§ WHAT IS NEEDED
Output the whole listing exactly, with no pictures.

§ MATERIAL PROVIDED
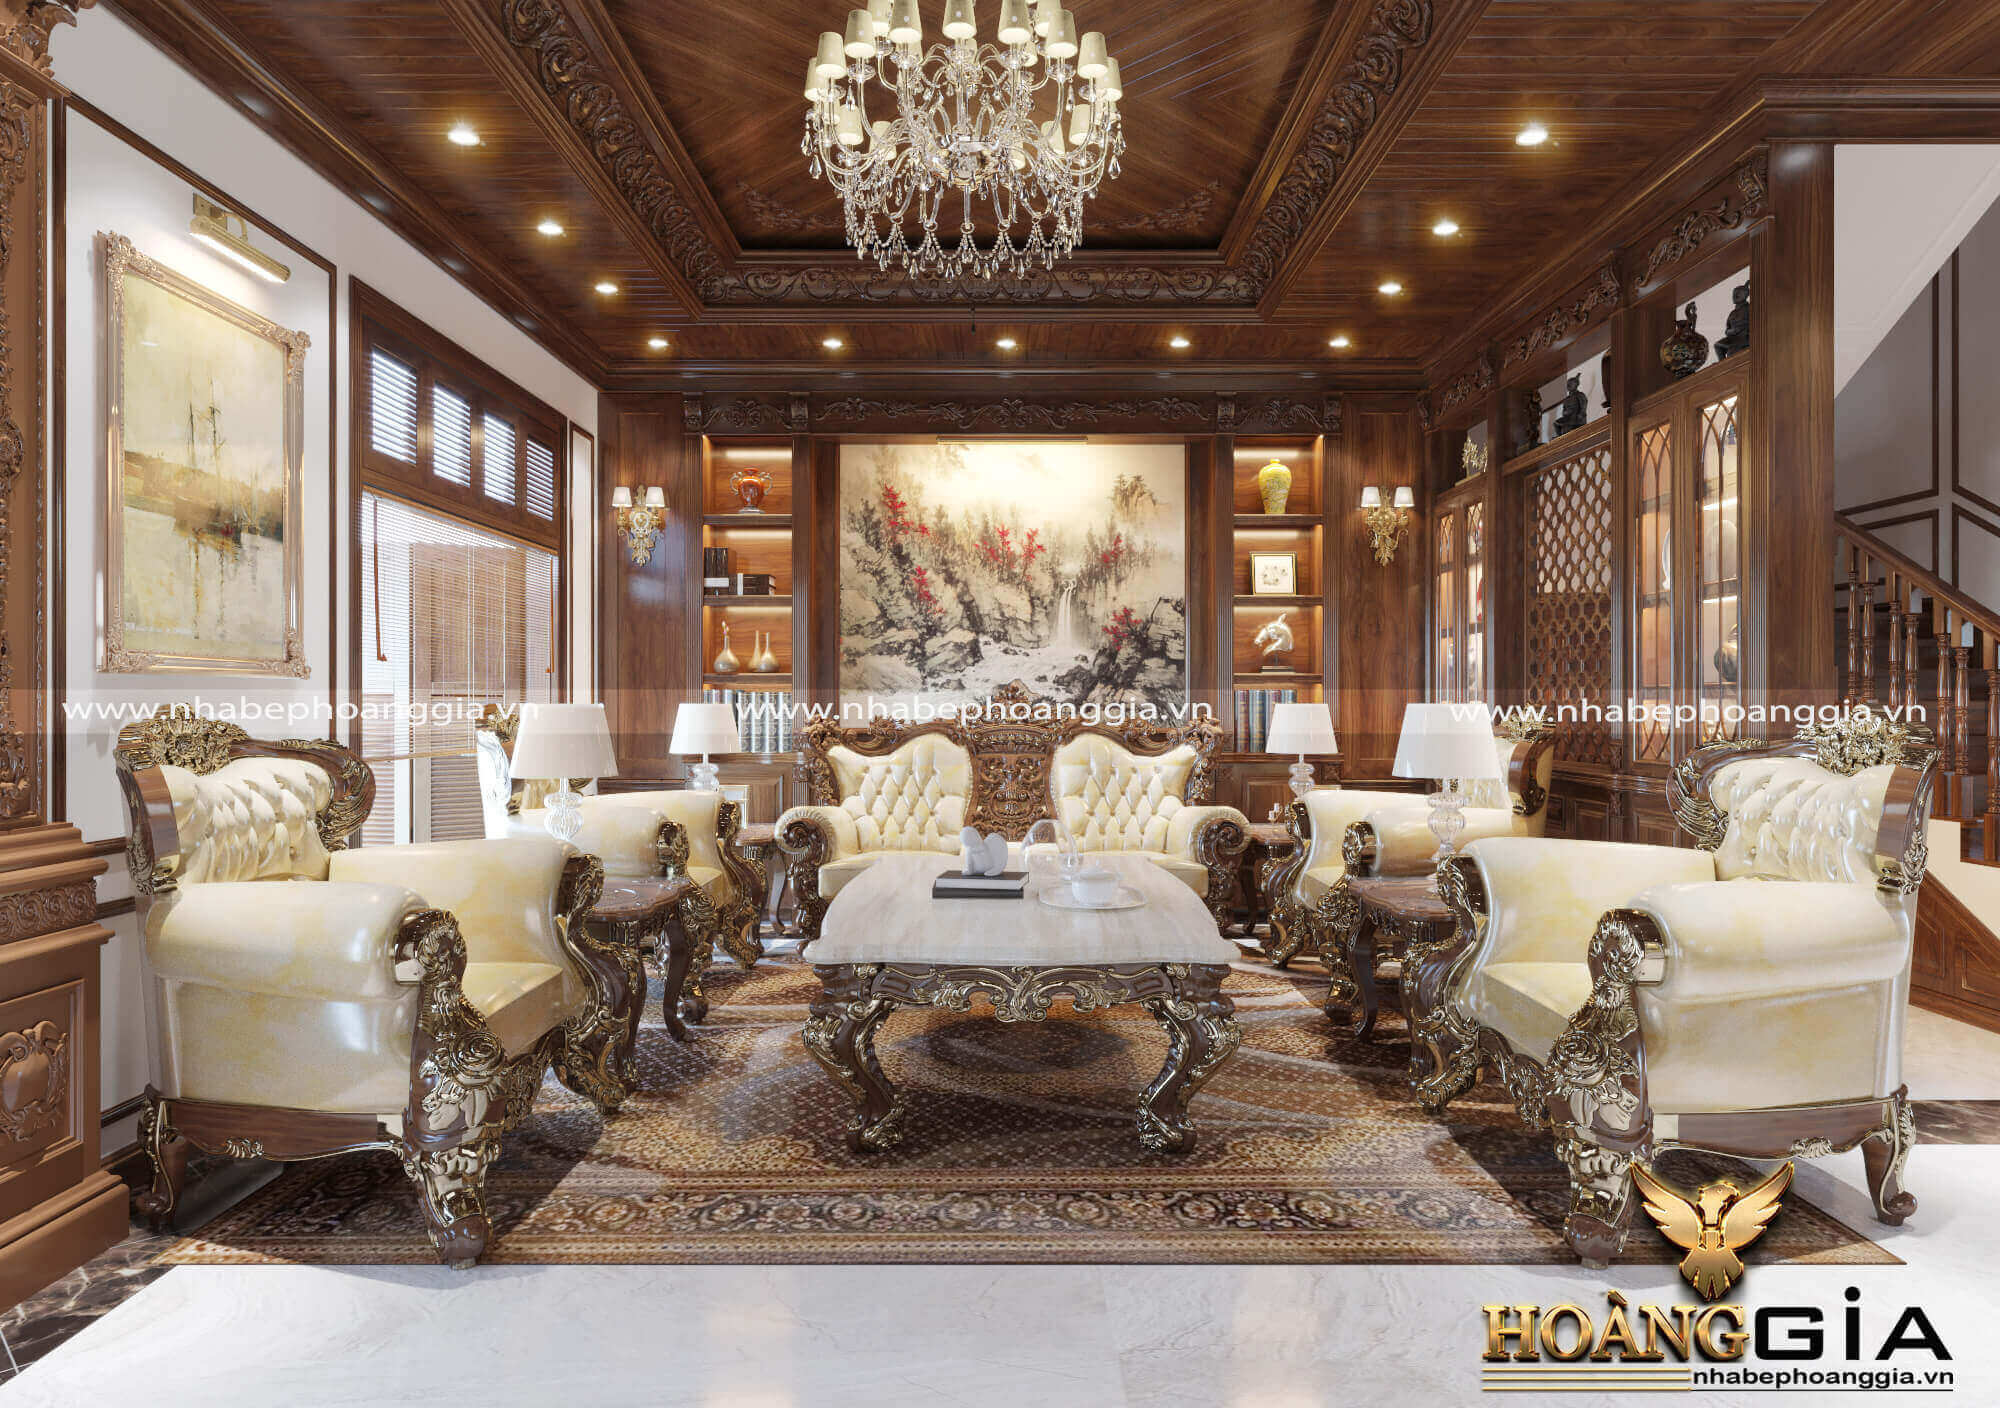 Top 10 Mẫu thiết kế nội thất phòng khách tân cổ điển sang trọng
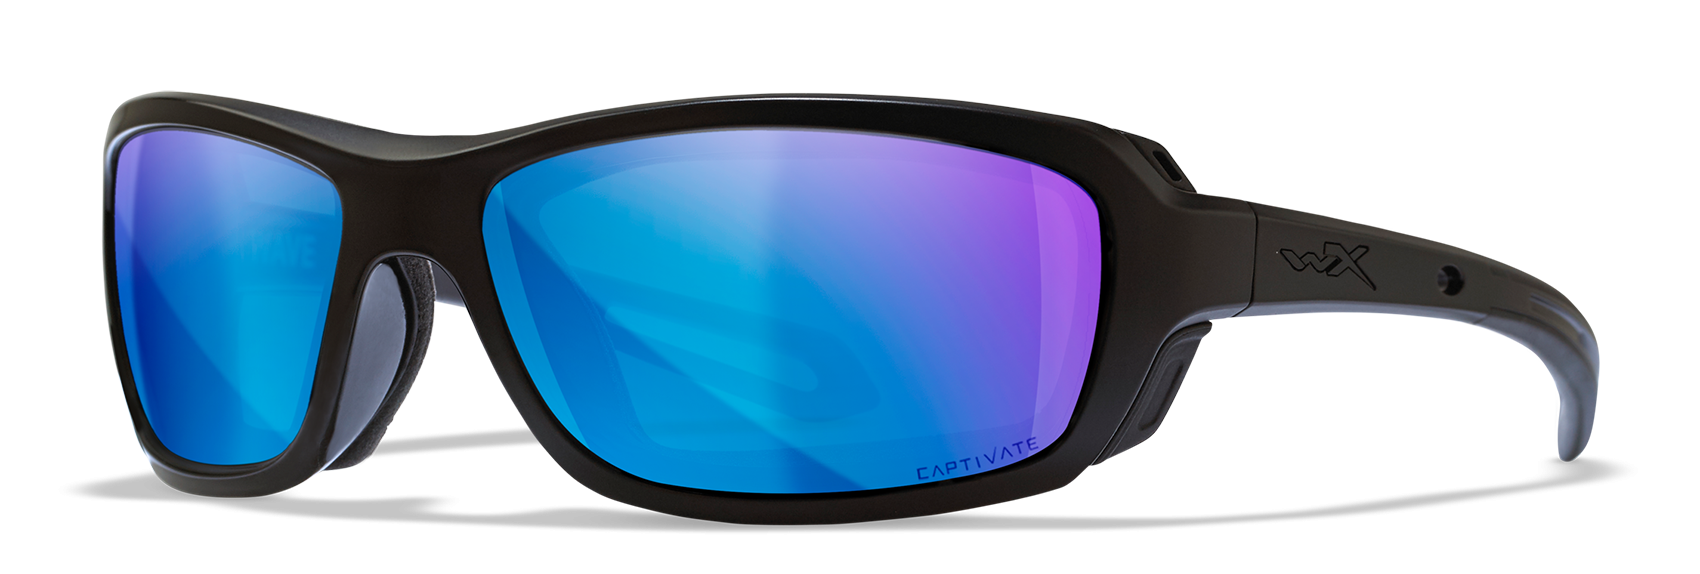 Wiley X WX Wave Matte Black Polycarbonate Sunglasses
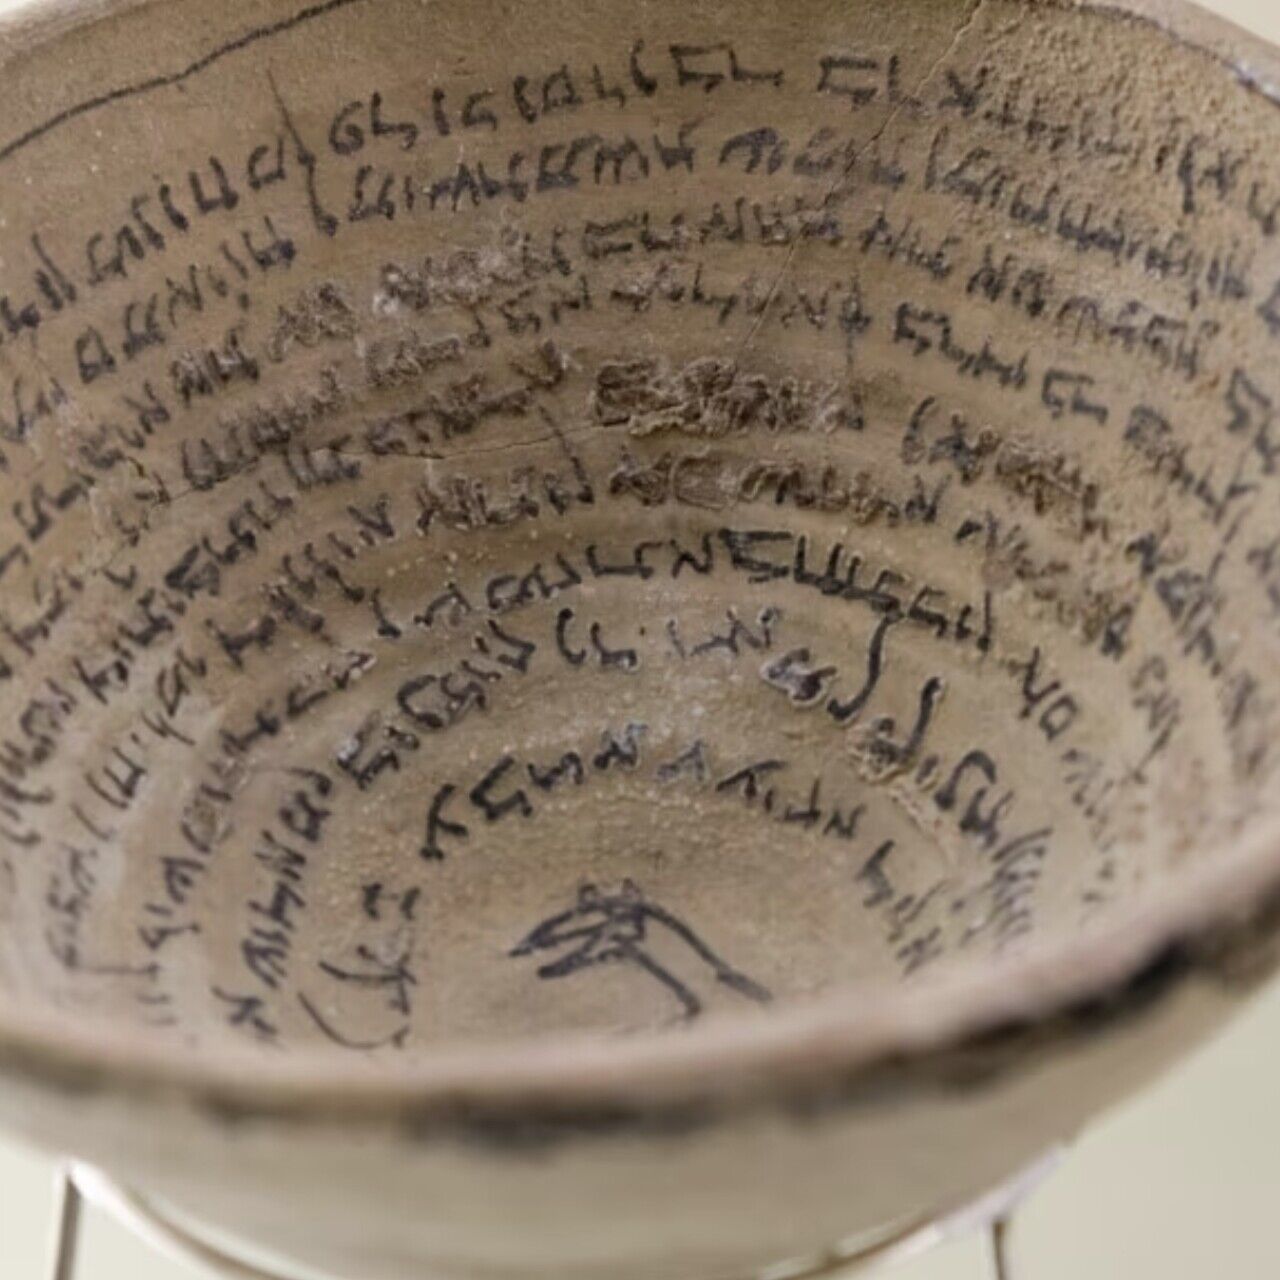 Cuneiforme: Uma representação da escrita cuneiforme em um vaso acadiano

§ SOLVED EXERCISE
 Top 10 Mẫu thiết kế nội thất phòng khách tân cổ điển sang trọng
 Wiley X WX Wave Matte Black Polycarbonate Sunglasses
 Cuneiforme: Uma representação da escrita cuneiforme em um vaso acadiano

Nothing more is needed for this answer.